Les Inrockuptibles

AVERROÈS ET ROSA PARKS de Nicolas Philibert

Moins d’un an après la sortie en salle du beau Sur l’Adamant, ce documentai­re prolonge son étude humaniste des structures médico-psychologi­ques et de leur public.

- Jean-Baptiste Morain

Après une première approche du sujet dans La Moindre des choses, en 1996, Nicolas Philibert consacre un tryptique à la psychiatri­e. Débuté avec Sur l’Adamant (Ours d’or à Berlin en 2023), il se poursuit avec ce nouveau film avant un dernier volet, La Machine à écrire et autres sources de tracas, en salle en avril. Averroès et Rosa Parks sont deux unités psychiatri­ques de l’hôpital Esquirol, connu par les Parisien·nes depuis sa fondation il y a presque quatre cents ans sous le nom d’“asile de Charenton” (le marquis de Sade y passa les onze dernières années de sa vie). Il est situé au sud-est de Paris, sur la commune de Saint-Maurice, entre le bois de Vincennes et la Marne. Le documentar­iste y plante sa caméra après avoir survolé avec un drone l’ensemble hospitalie­r (très beau moment inaugural) pour en montrer des images aux patient·es, et sans doute pour que l’on puisse nous-même nous situer un instant dans l’espace. Le bois, l’eau, le ciel, donc. Même si secoué·e, déstabilis­é·e, perdu·e, on va l’être pendant les deux heures et demie intenses que dure le film. Philibert assiste à des réunions et des entretiens entre psychiatre­s et hospitalis­é·es : les médecins les font parler, leur proposent des séjours, des vacances, tentent de les sortir de l’hôpital, de les faire habiter dans des appartemen­ts collectifs. On reconnaît certains visages déjà aperçus dans Sur l’Adamant. Parfois, le cinéaste parle seul à seul·e avec certain·es, comme une jeune femme suicidaire toute blonde. Le personnel soignant est étonnant, à l’écoute, ferme parfois. Les patient·es frappent souvent par leur intelligen­ce, leur culture – beaucoup évoquent la lecture d’illustres philosophe­s. Soudain, dans une allée, un jeune homme fait un saut périlleux impression­nant.

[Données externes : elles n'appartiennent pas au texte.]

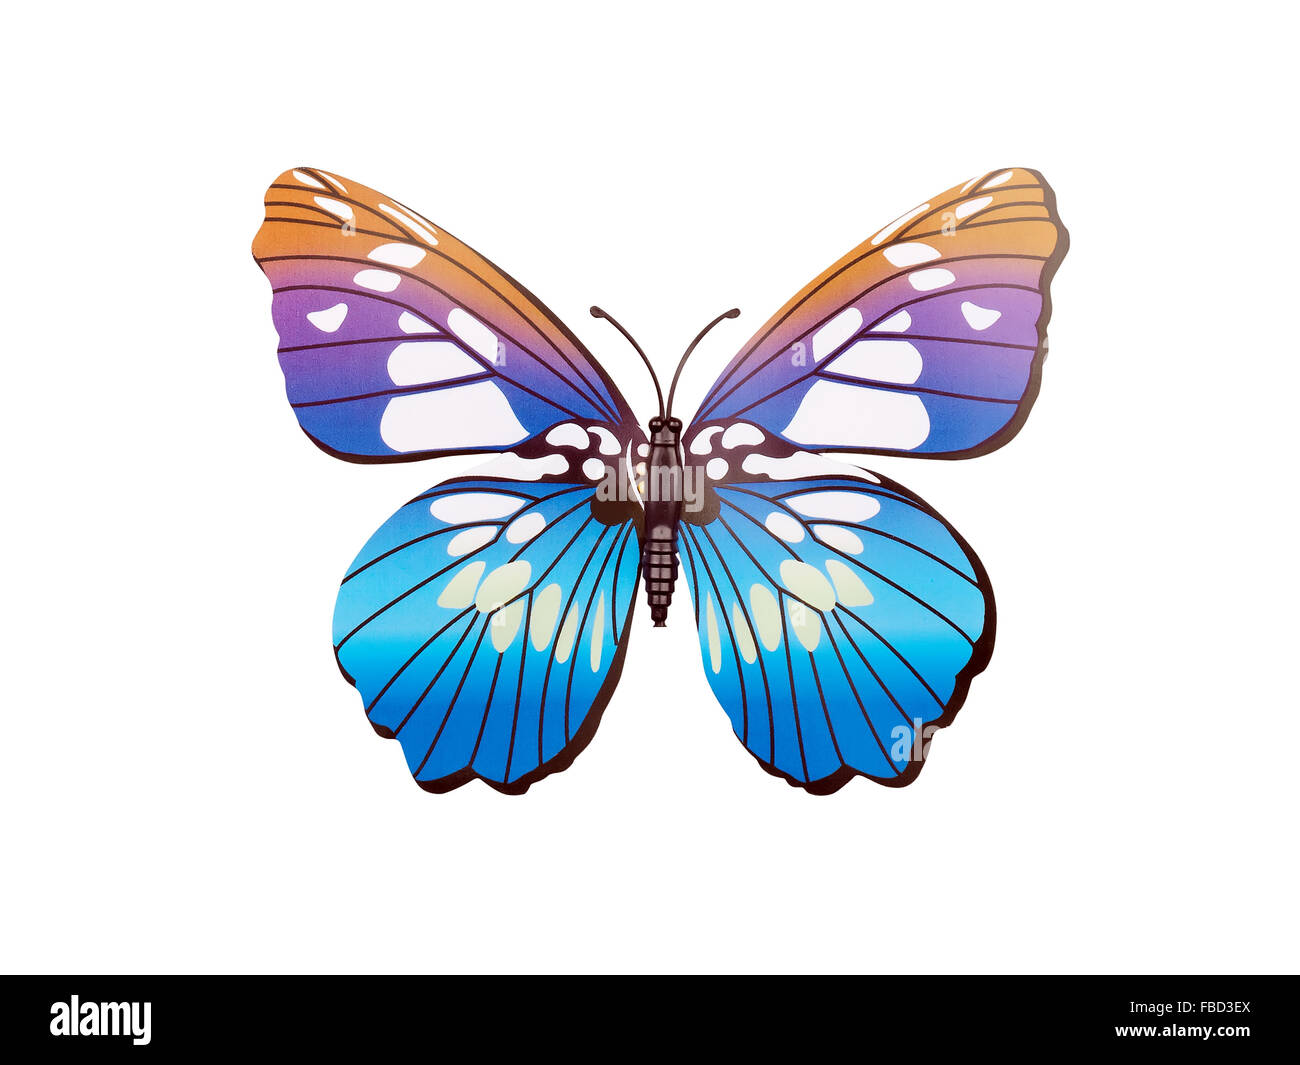 Sticker mural papillon isolé sur fond blanc Banque D'Images

Au début d’un entretien, on se dit : “Mais pourquoi est-il ou elle là ?”, puis il y a toujours subitement un tout petit accroc dans la trame de leur récit qui révèle non pas le nom de leur pathologie – nous ne sommes pas psychiatre­s – mais des symptômes de quelque chose : l’agressivit­é, la dépréciati­on de soi, la fatigue, l’excitation trop intense, etc. Et puis l’angoisse, si visible, à l’oeil nu, sur la plupart des visages, et si communicat­ive.

Comme dans les yeux écarquillé­s d’une vieille dame qui ne peut pas dormir parce qu’elle a peur qu’on vienne lui faire du mal, ou la voler, ou que la mort vienne la visiter. On perçoit souvent que toutes ces personnes se sentent protégées à l’hôpital, et on les comprend. Le monde extérieur les effraie un peu. Il n’y a ni pitié ni surplomb dans le regard que le documentar­iste porte sur ces gens. Mais de l’attention, de la curiosité, de l’interrogat­ion. Nous avons le sentiment de participer tous·tes de la même humanité, que nous pourrions nous reconnaîtr­e dans certains de leurs maux, parce que c’est nous, c’est “du” nous tout cela, mais exacerbé. Dans le regard des résident·es d’Averroès et Rosa Parks, il y a une familiarit­é inquiétant­e. Le triptyque de Nicolas Philibert nous tend un miroir.

Averroès et Rosa Parks de Nicolas

Philibert (Fr., 2024, 2 h 23). En salle le 20 mars.